7. The view which I have taken is supported by the above decisions. The petition is, therefore quite clear that in a case like the present one, where the trial Court has decided the case not on a preliminary issue but on merits and when the matter comes in appeal, it is not correct for the first appellate Court to reverse the decree of the trial Court and to remand the whole case back to the trial Court but that the first appellate Court should act under the provisions of Order XLI, Rule 25 of the Code of Civil Procedure.

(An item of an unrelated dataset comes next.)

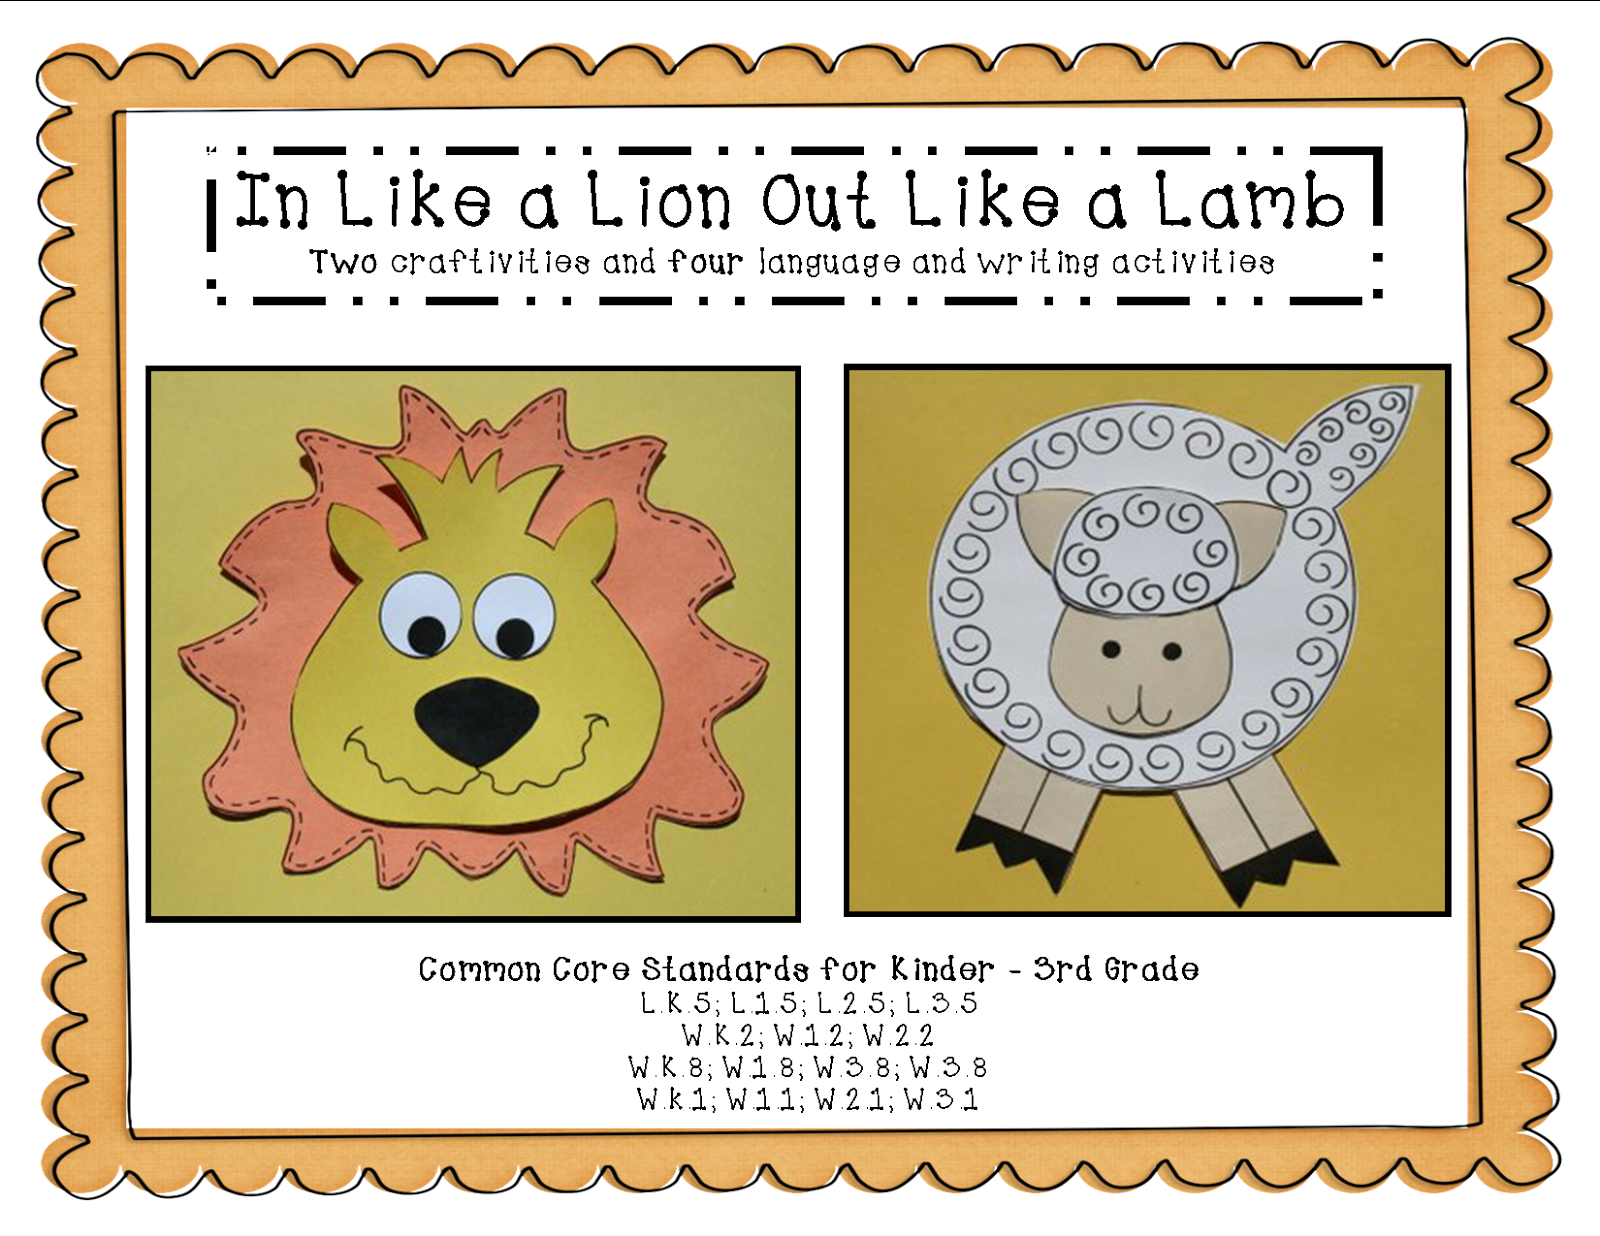 http://www.teacherspayteachers.com/Product/In-Like-a-Lion-Out-Like-a-Lamb-Craftivity-and-Four-Language-Arts-Activities-1109523

8. In these circumstances, in the present case, I set aside the order of the learned Assistant Judge and direct the framing of the following issue:--

'Whether the defendant is a permanent tenant as alleged by him in his amended Written Statement?'

I further direct that this issue be tried by the trial Court allowing the parties to lead their evidence. The trial Court should record its finding on this issue and return the evidence on this issue to the first appellate Court together with its finding thereon and the reasons therefore and after the finding on the issue, which I have directed above, is sent to the first appellate Court, the first appellate Court will proceed with the appeal from the stage where it is left. The parties will be at liberty to file their objections, if any, against the finding of the trial Court before the first Appellate Court. The petitioners (original plaintiffs) to get the costs of the suit in the trial Court as well as the costs of the first appellate Court as well as of this Court from the opponent (Original defendant).